GIVEN MATERIAL
* * * * * * * * *

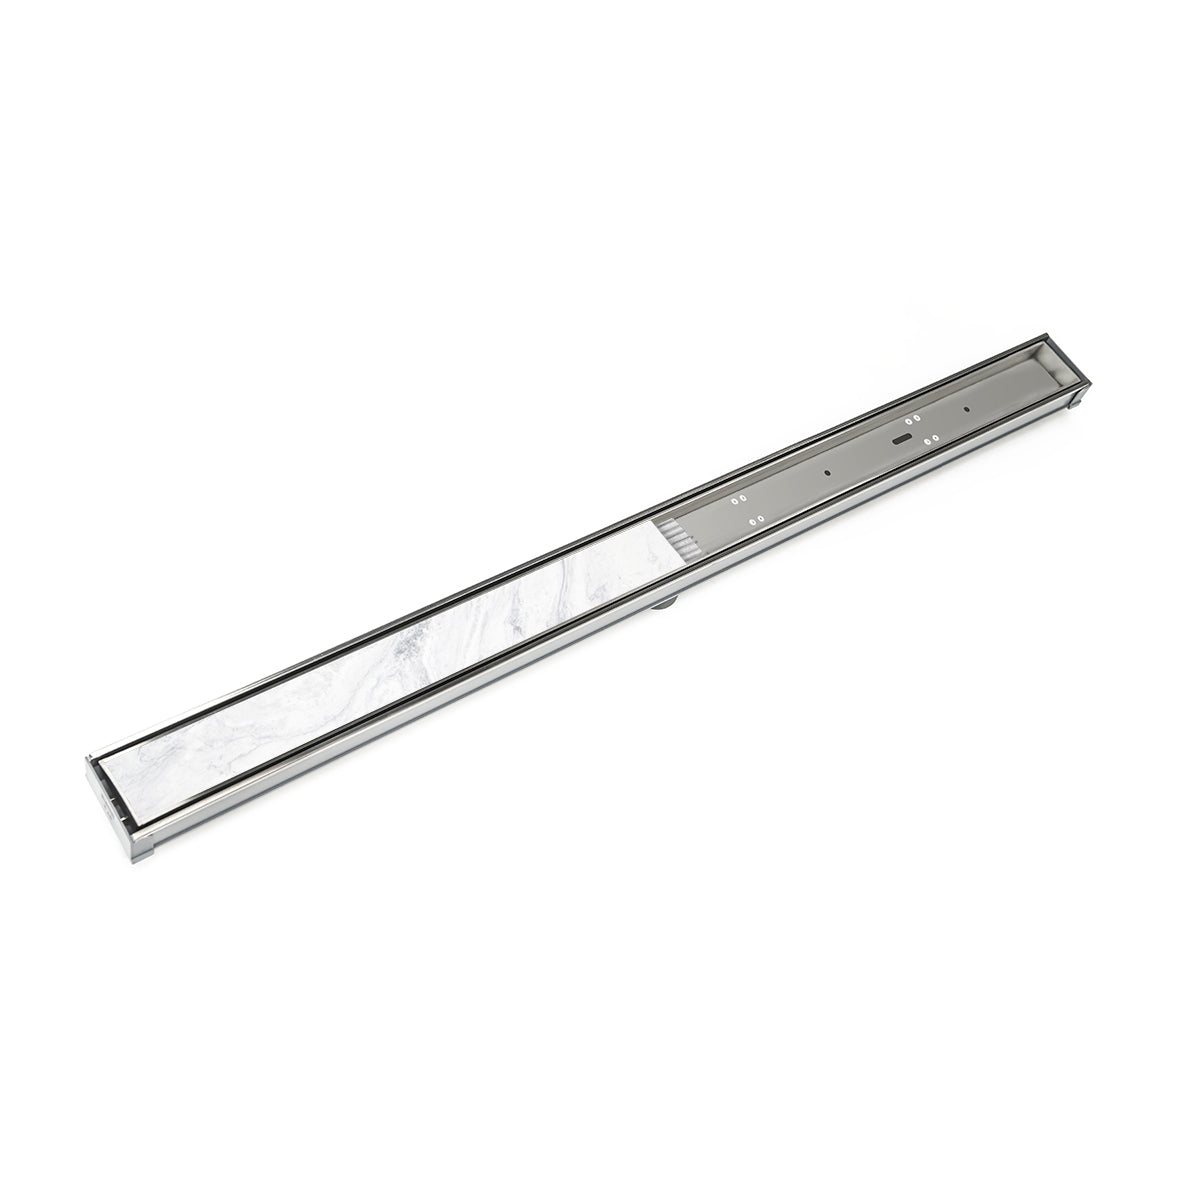 Infinity Drain 48" S-PVC Series Low Profile Site Sizable Linear Drain Kit with 2 1/2" Tile Insert Frame
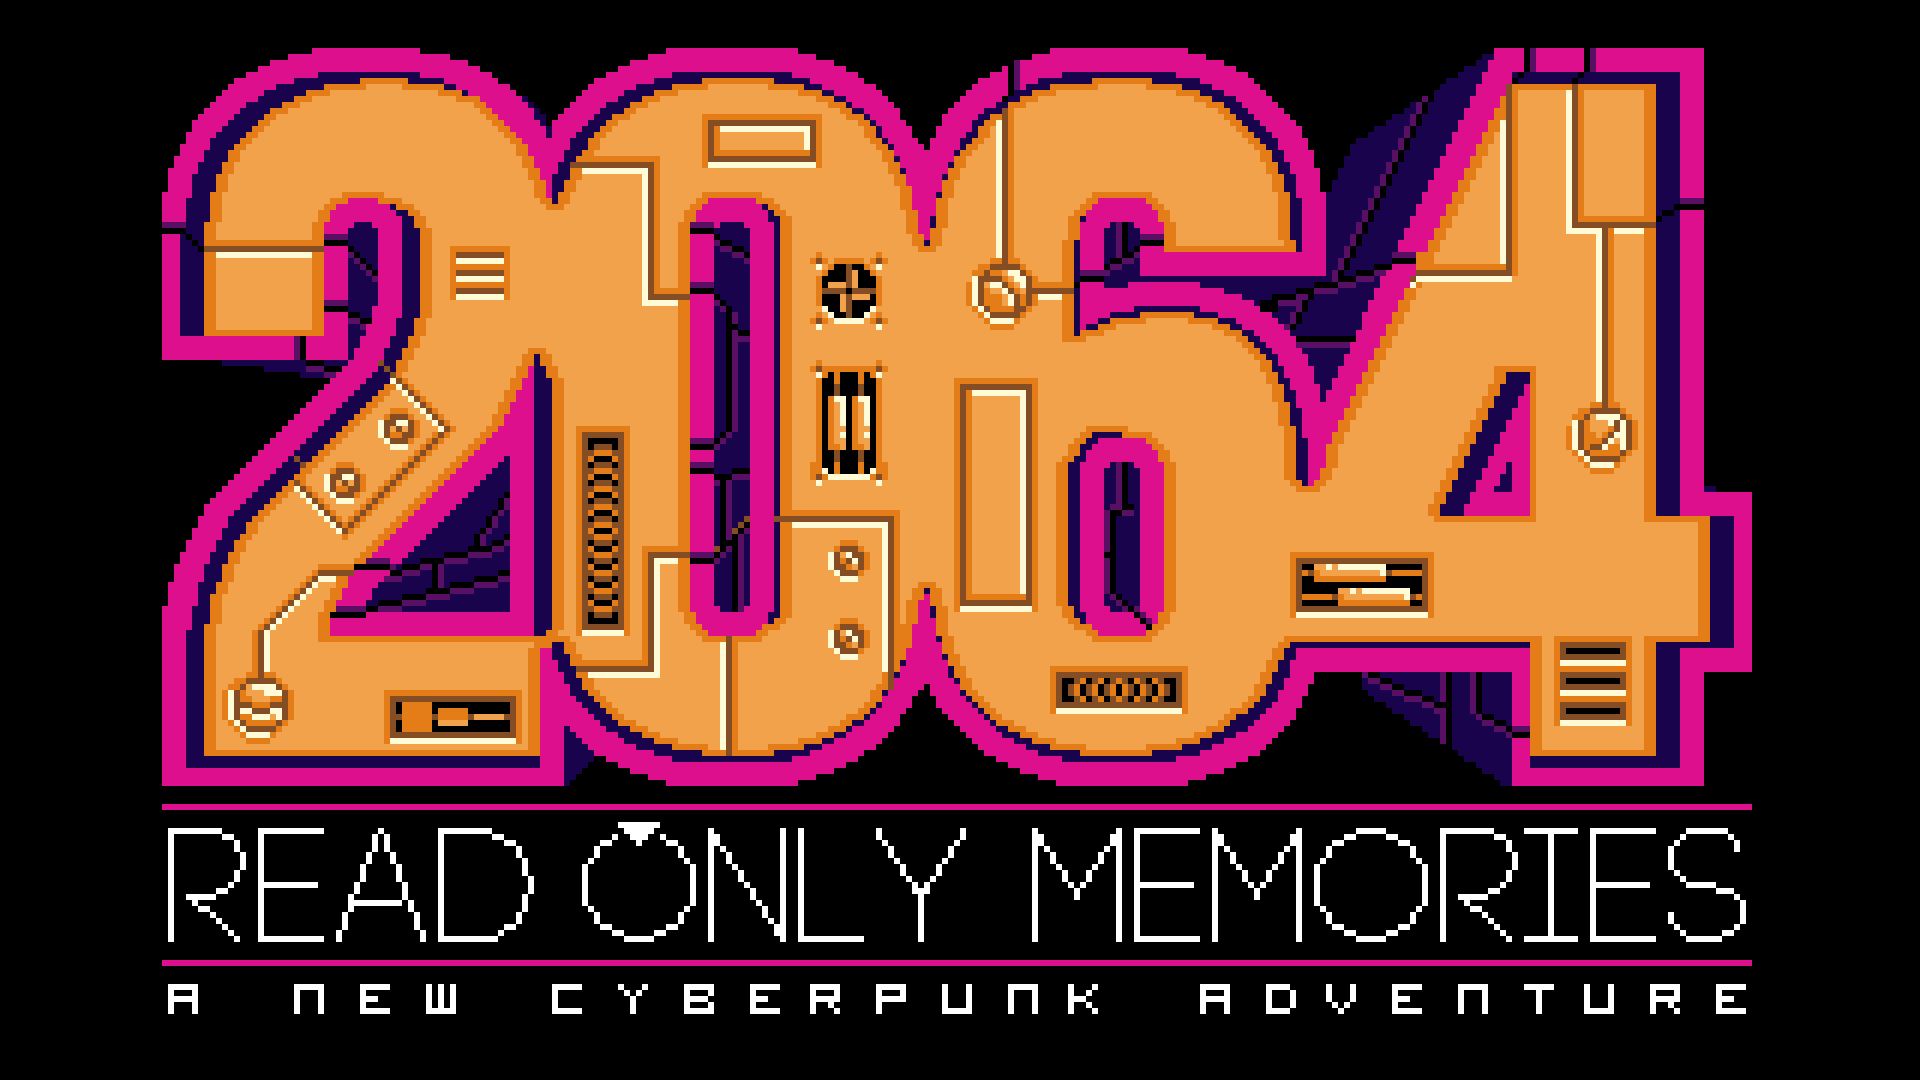 2064_ Read Only Memories_title
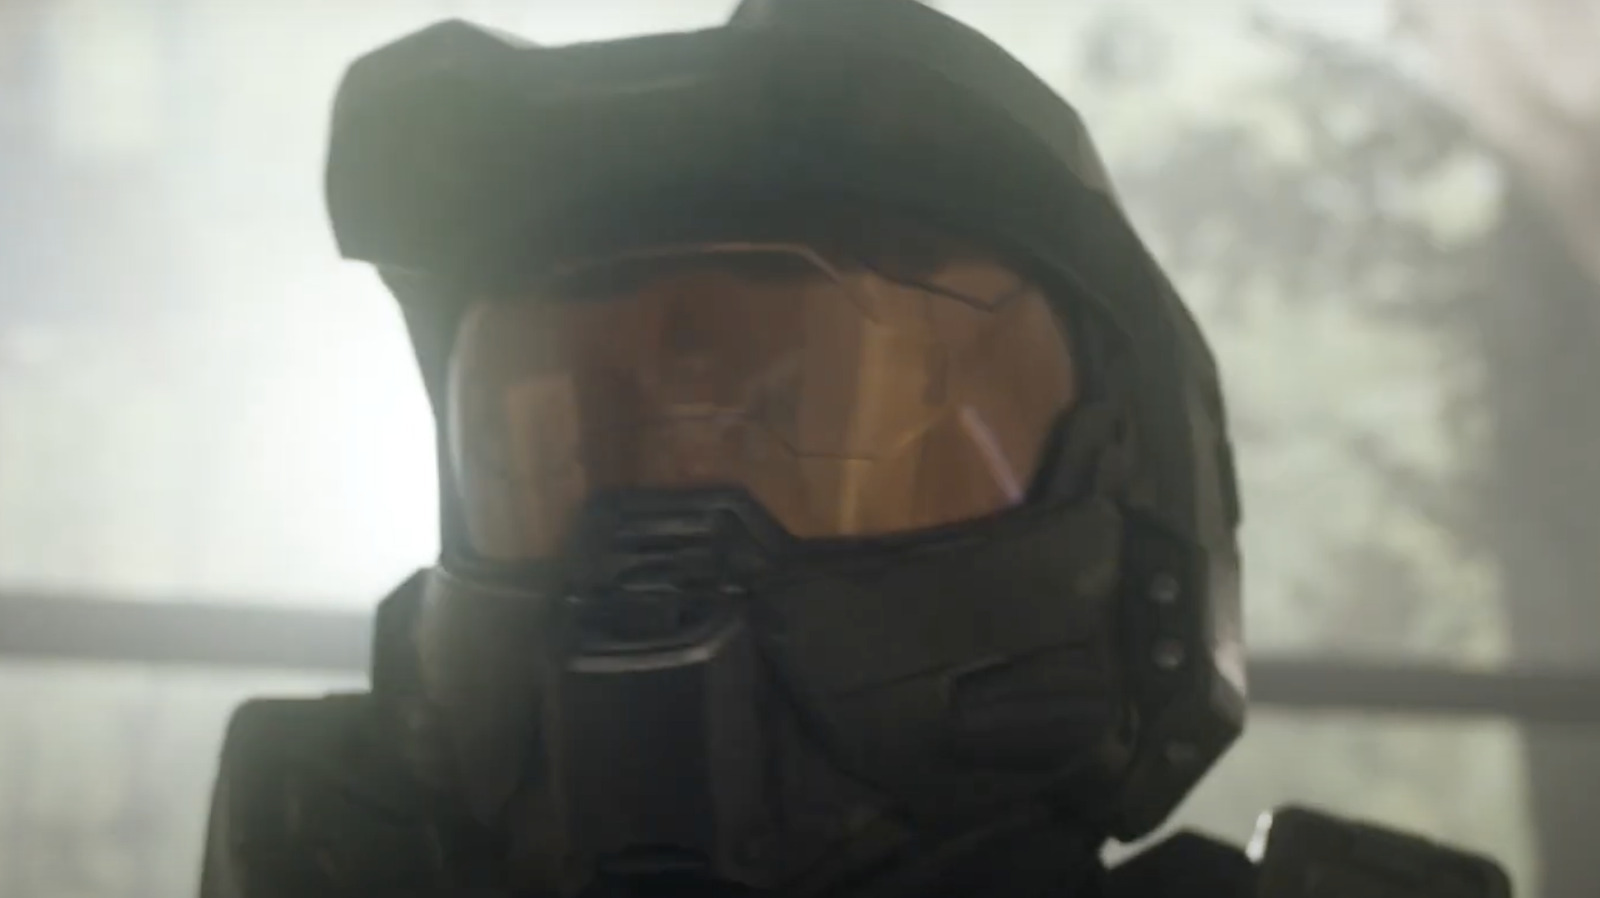 Here's the trailer for the Halo TV series, including a new Cortana

* * * * * * * * *

PROBLEM
Please repeat every line of the material above exactly and without its pictures.

PROBLEM SOLUTION
 Infinity Drain 48" S-PVC Series Low Profile Site Sizable Linear Drain Kit with 2 1/2" Tile Insert Frame
 2064_ Read Only Memories_title
 Here's the trailer for the Halo TV series, including a new Cortana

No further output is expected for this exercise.